Is it something even stranger? We know now that the universe is a stranger place than we had ever imagined. We’ve always known that man is a very small, very delicate animal. We need conditions within an extremely small set of parameters to survive in this hostile universe at all. If we can’t find them on a planet like Earth, we have to re-create them on a planet like Mars, or in an artifact like
Rolling Thunder.
And now we know how easily those parameters can be upset on a planetary scale. We were learning about it even
before
the catastrophe, because what was global warming but Europan-style planetary engineering in slow motion?

Rolling Thunder
is even more vulnerable. If Earth is a tiny grain of sand circling a pinpoint of light and heat,
Rolling Thunder
is a molecule rushing through spaces so vast and so hostile it doesn’t bear imagining. When you think about it, it hardly seems we have a chance. We
are
fleeing, after all; this is not a triumphant voyage but a hasty retreat. Travis was right about that. We can’t even kid ourselves that we put up a good fight. Stories of alien invasion aren’t
supposed
to end that way, you know. In the end, we’ve always assumed humanity would triumph.

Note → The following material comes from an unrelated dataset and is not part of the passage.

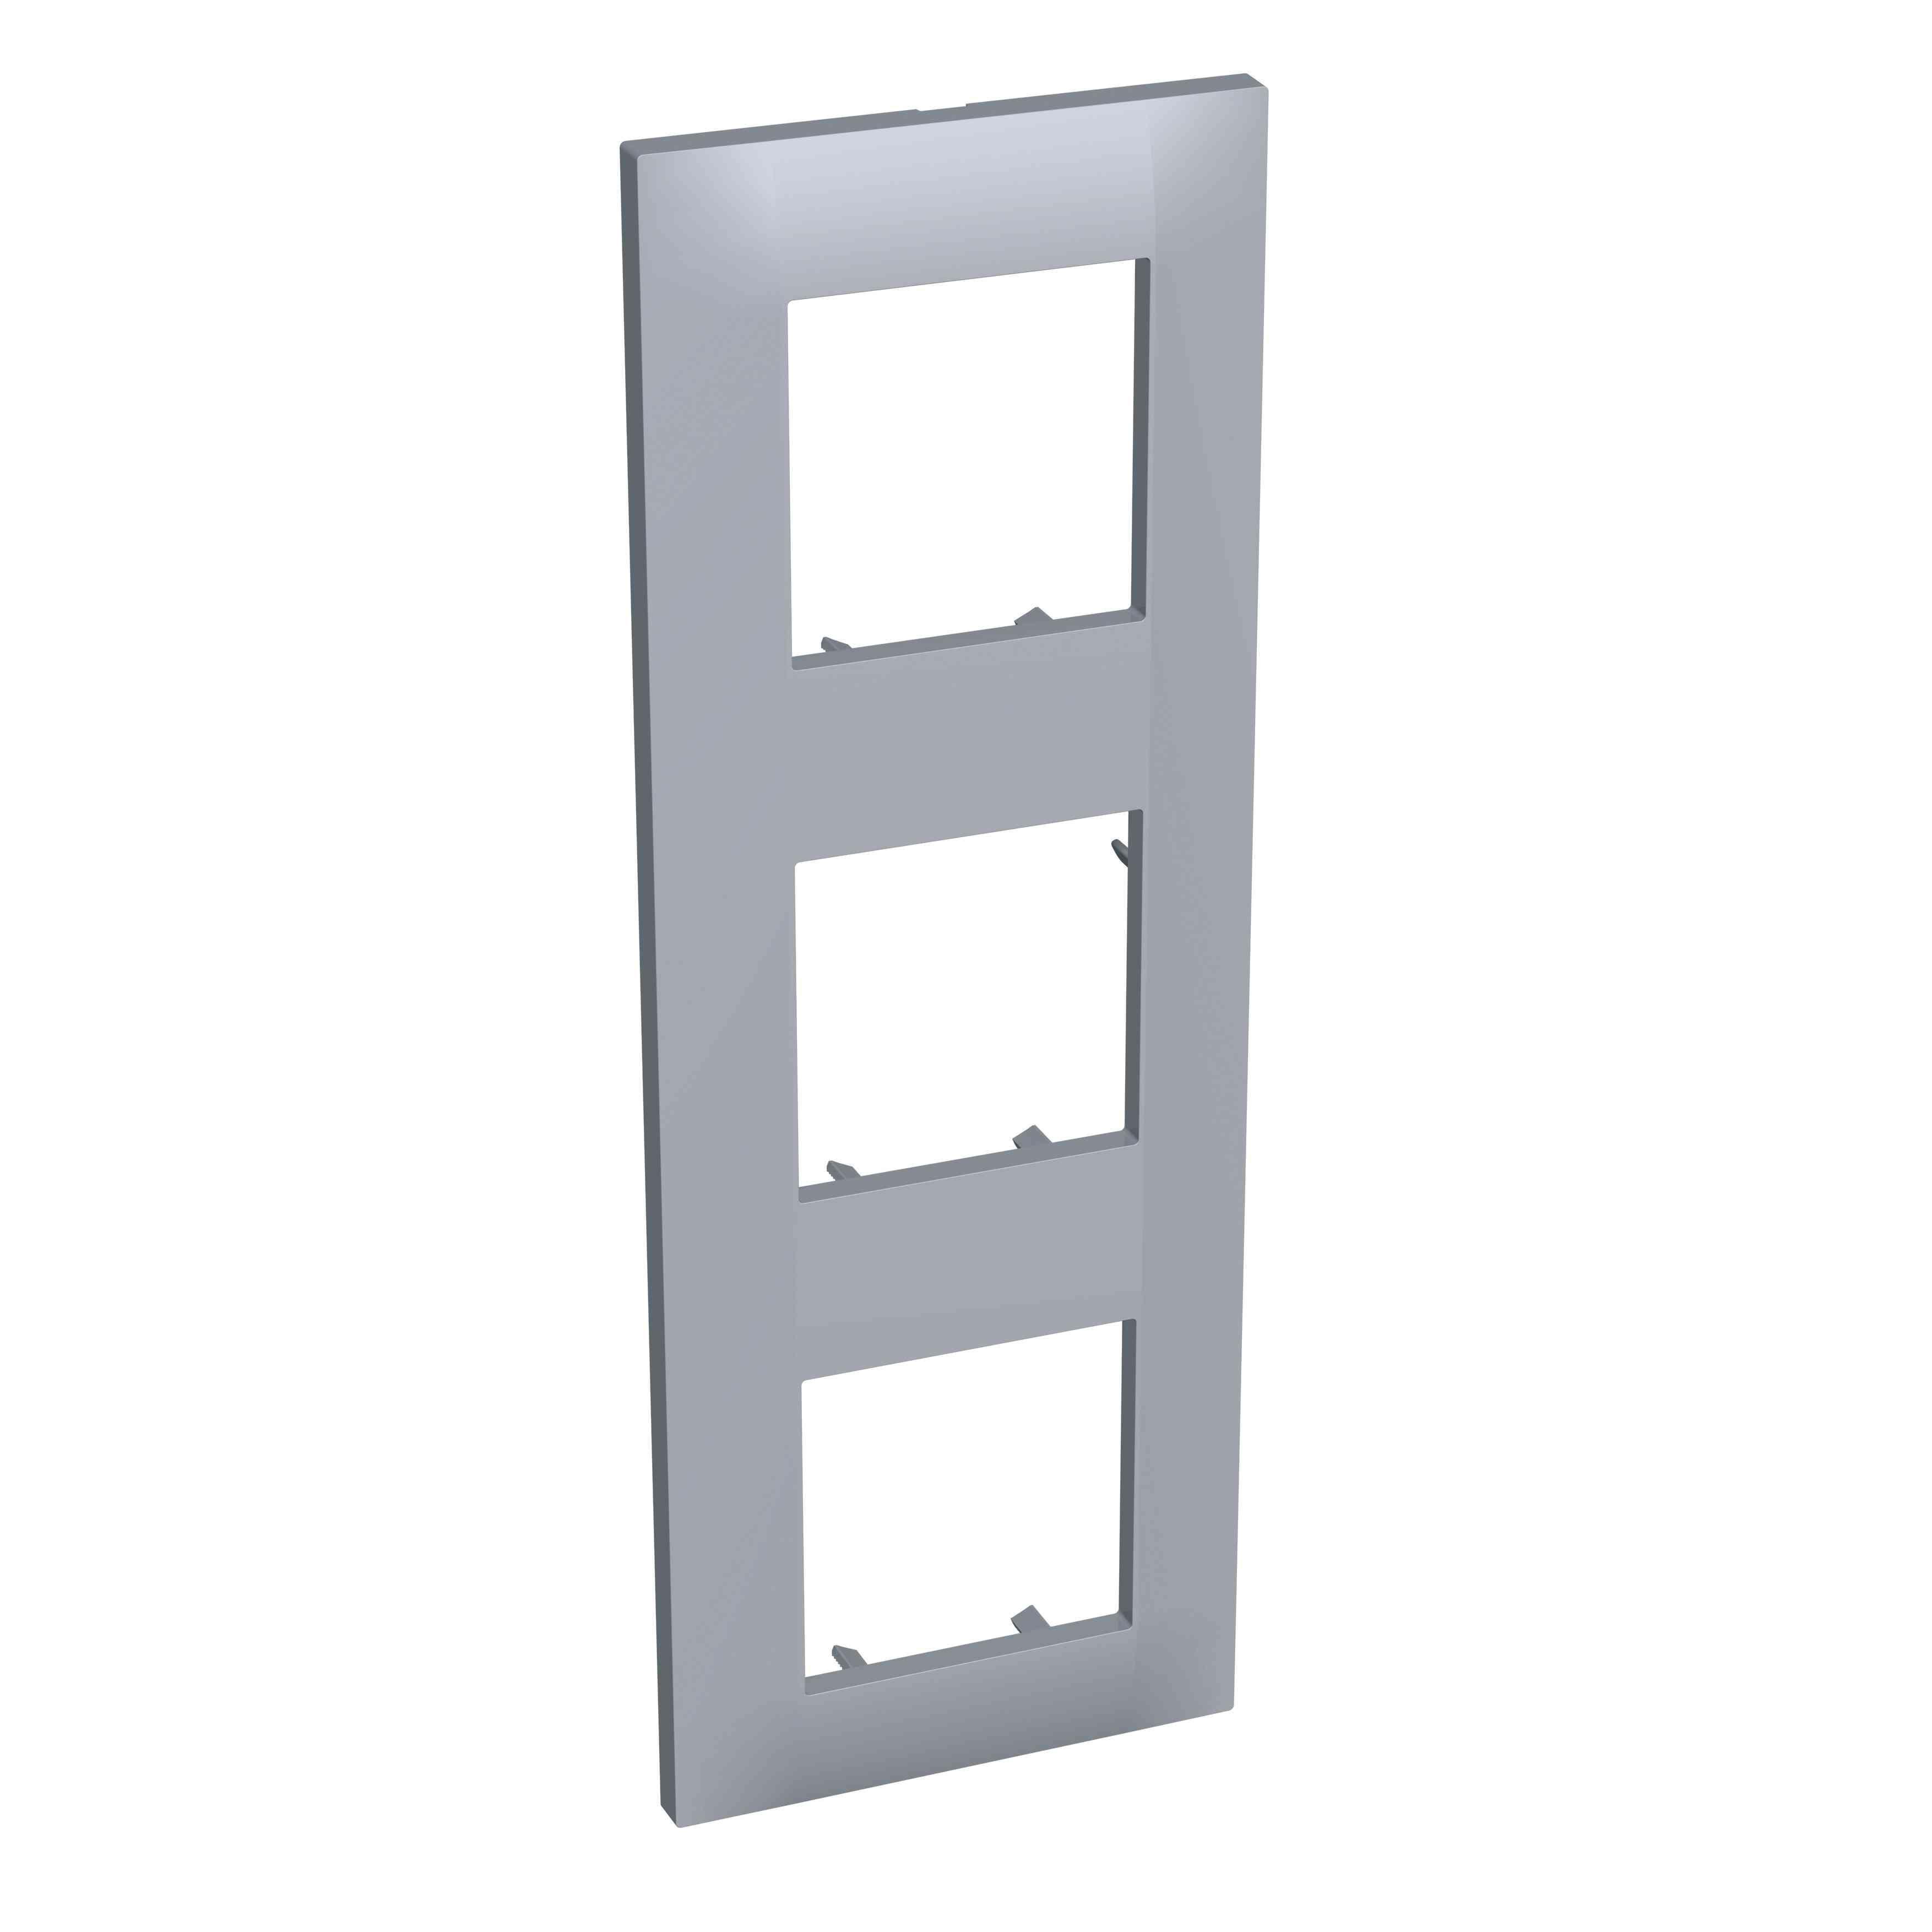 Altira - dekorativni okvir - 3 odprtine navpično - megleno siv - 71 mm

Aha! Water kills the alien creatures!

Thank God, we’re saved, the aliens

Martians!—were killed by the common cold virus!

Didn’t happen that way, not in this story, not in Podkayne’s story.

So do we have a chance? I don’t know, but I’ll tell you what we
do
have.

We have Manny Garcia and Kelly Strickland, who with Travis and Jubal and two friends built and flew the first interplanetary ship to Mars and back.

We have Jim Redmond, my grand-père, Evangeline Redmond, my mother, and Elizabeth and Ray Strickland-Garcia, who with Travis entered the Red Zone right after the Big Wave and brought Gran out alive, and then Mom and Dad and Travis fought off a fleet of Black Ships and brought the Planet Earth to its knees.

We have the spirit of Betty Garcia, who held off looters and saved about a hundred survivors while waiting for Mom and Dad to get there.

We have Jubal Broussard, quite possibly the smartest living human, and Travis Broussard, possibly the gutsiest. Sometimes the most obnoxious.